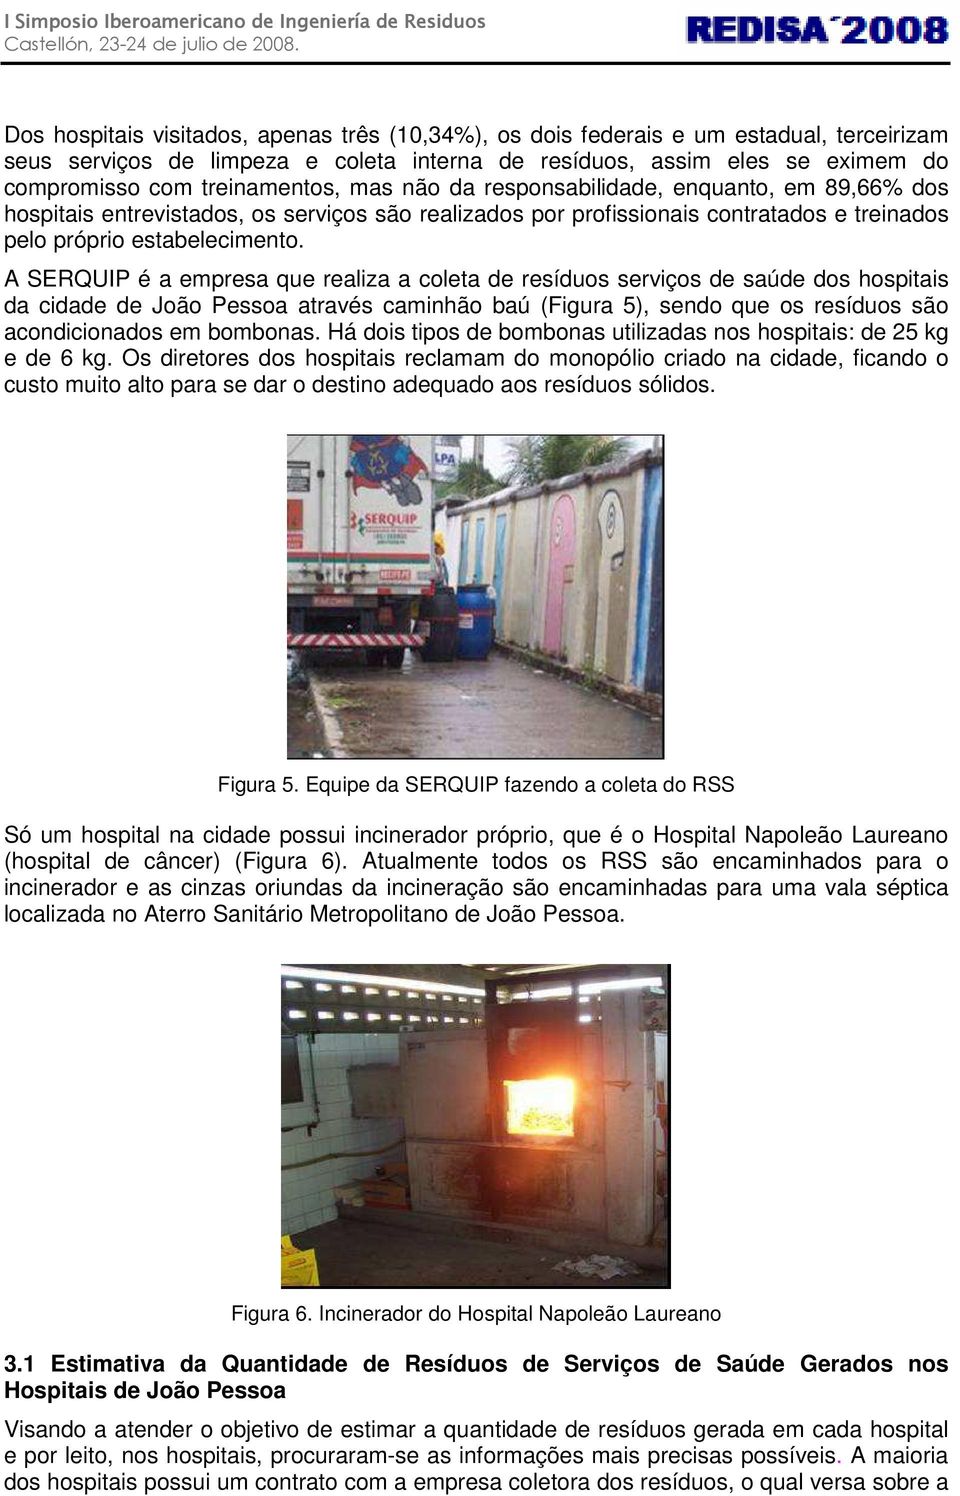 A SERQUIP é a empresa que realiza a coleta de resíduos serviços de saúde dos hospitais da cidade de João Pessoa através caminhão baú (Figura 5), sendo que os resíduos são acondicionados em bombonas.
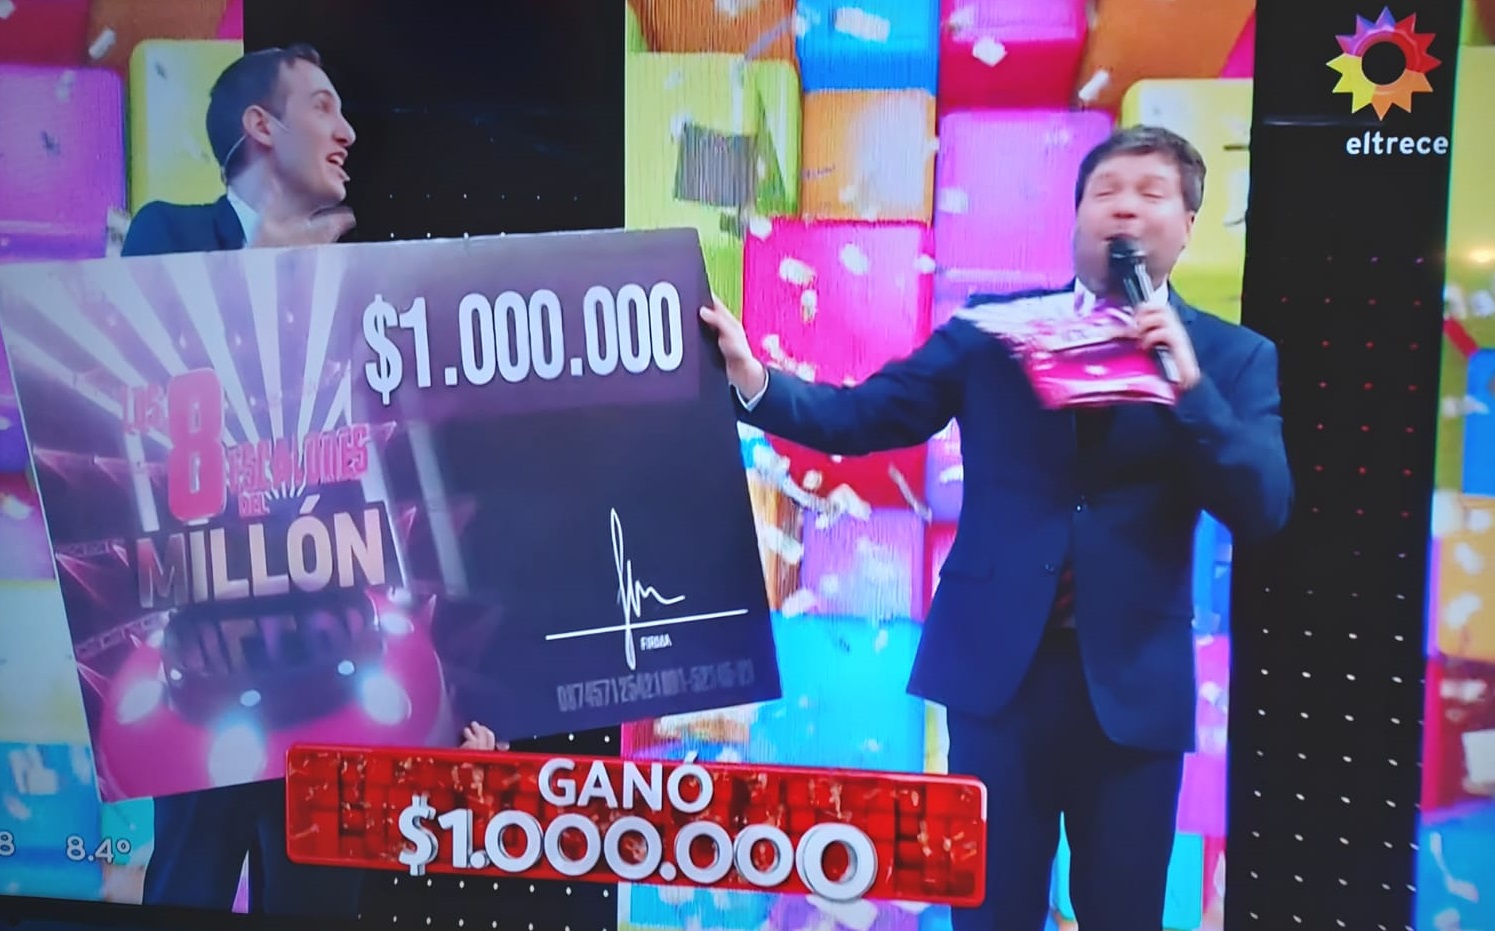 ¡Un joven pampeano ganó $ 1 millón de pesos en “Los 8 escalones”, el popular programa de Guido Kaczka!
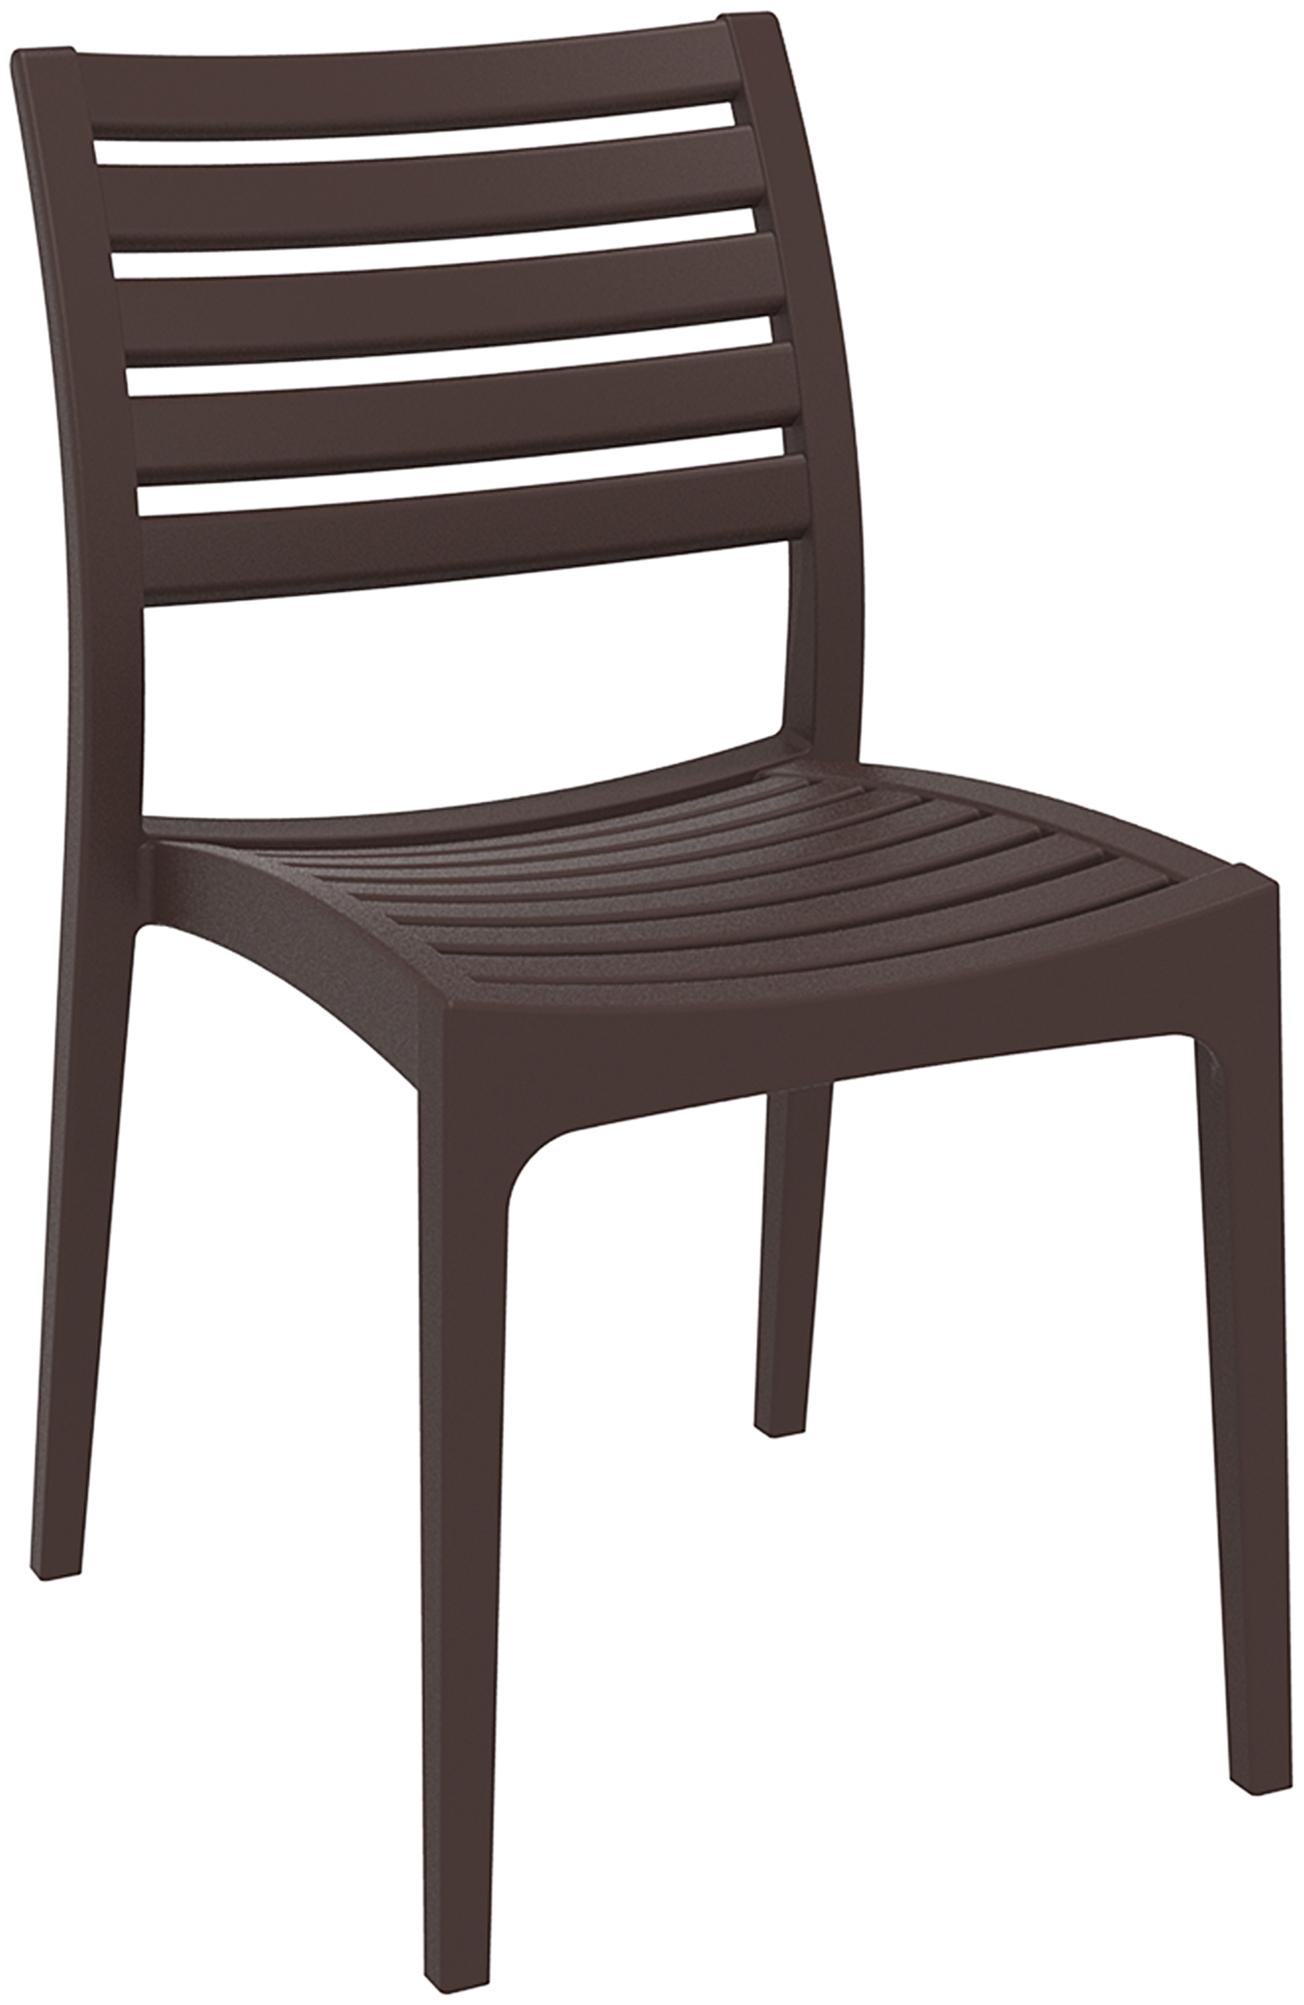 chaises de jardin empilable en plastique marron

** About this exercise **
Only the lines from the one containing "de Guido Kaczka!" through the final line of the data should be given again, exactly and without pictures.

** Task solution **
 ¡Un joven pampeano ganó $ 1 millón de pesos en “Los 8 escalones”, el popular programa de Guido Kaczka!
 chaises de jardin empilable en plastique marron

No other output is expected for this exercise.